Aim of the task: Wherever a picture sits, omit it. Output the rest of the listing exactly.

Segment Start: The data

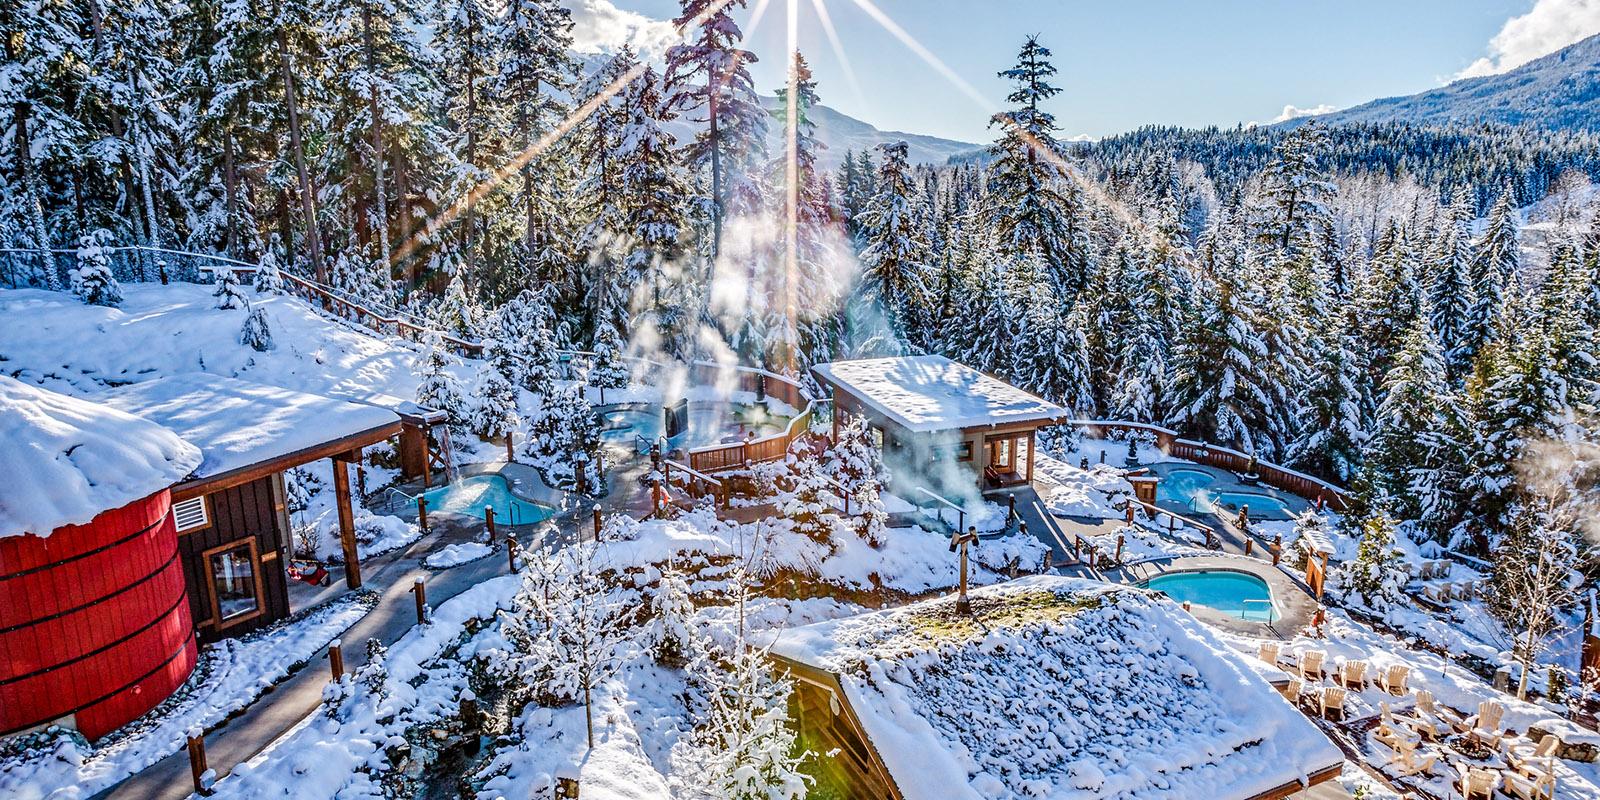 Whistler British Columbia Snowy Accommodations
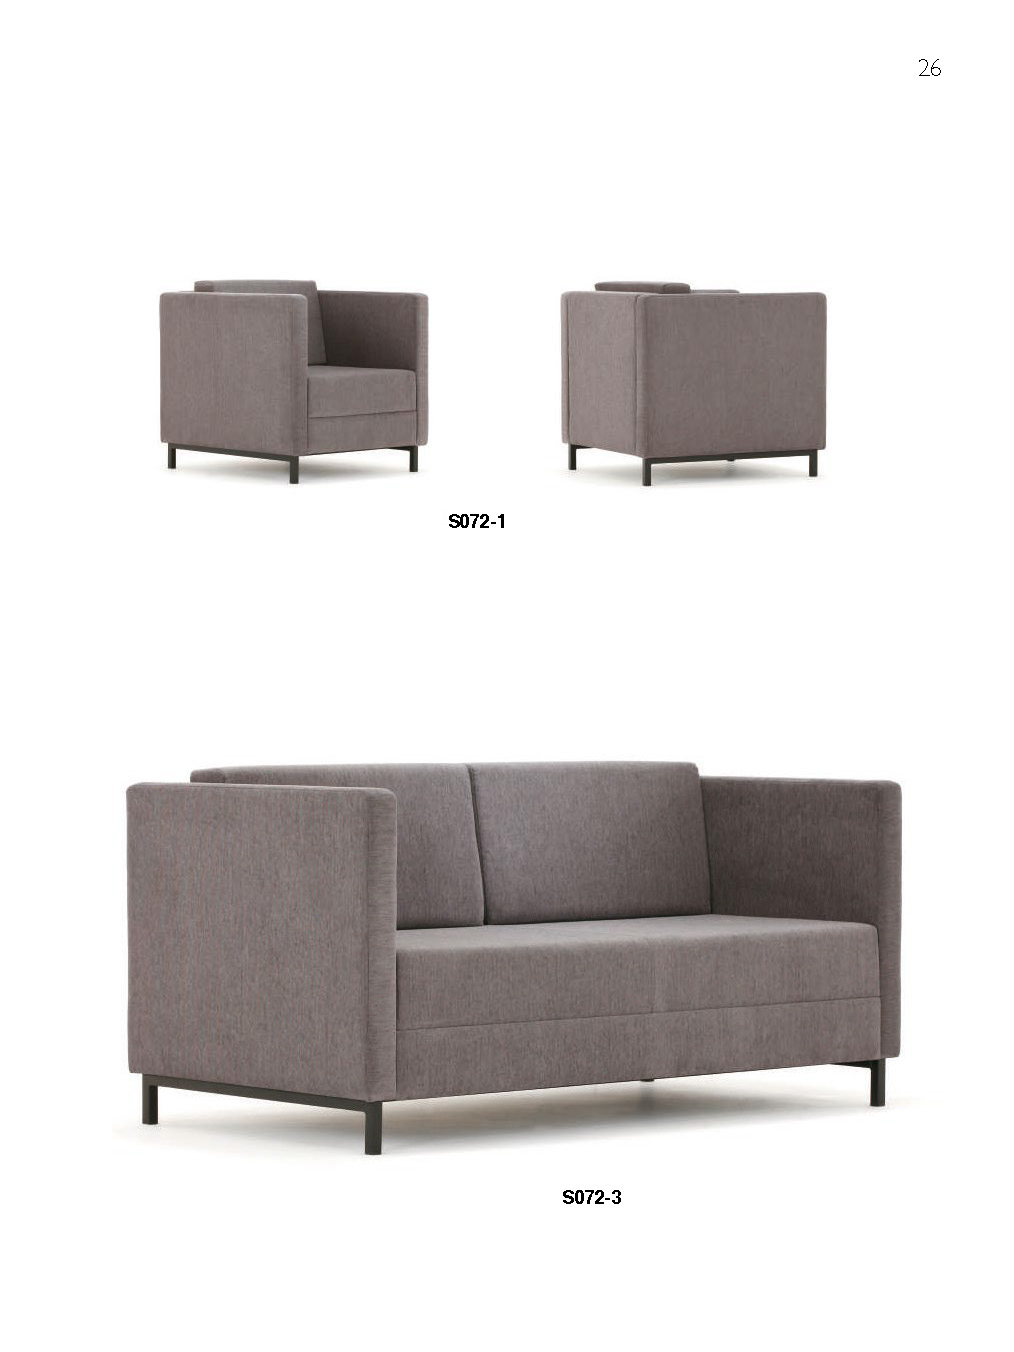 Top Furniture Catalog 2019_Page_26.jpg
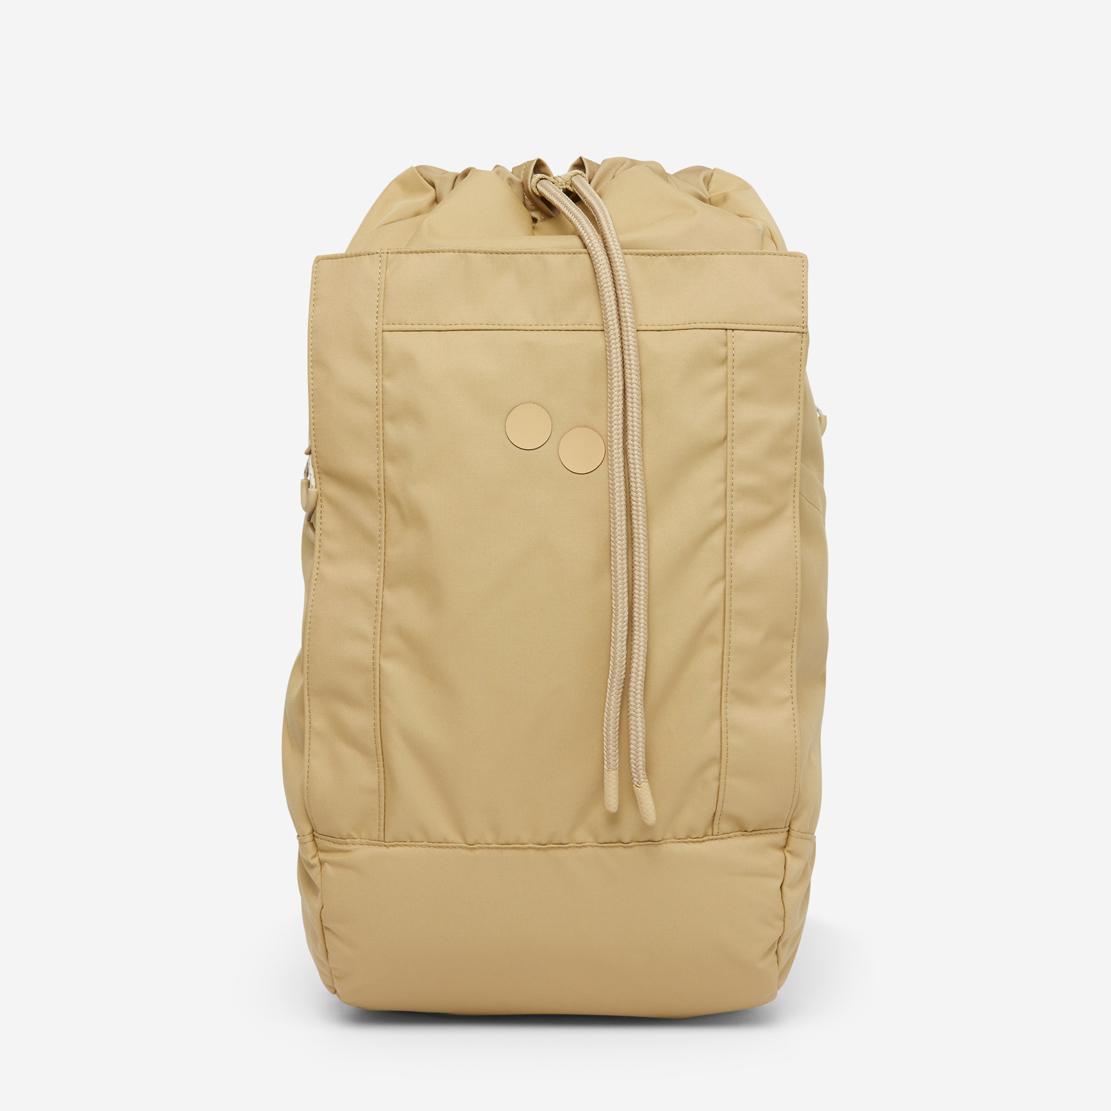 Kalm Rye Khaki Pinqponq 30L ryggsäck

Segment End: The data

Written reply:
 Whistler British Columbia Snowy Accommodations
 Top Furniture Catalog 2019_Page_26.jpg
 Kalm Rye Khaki Pinqponq 30L ryggsäck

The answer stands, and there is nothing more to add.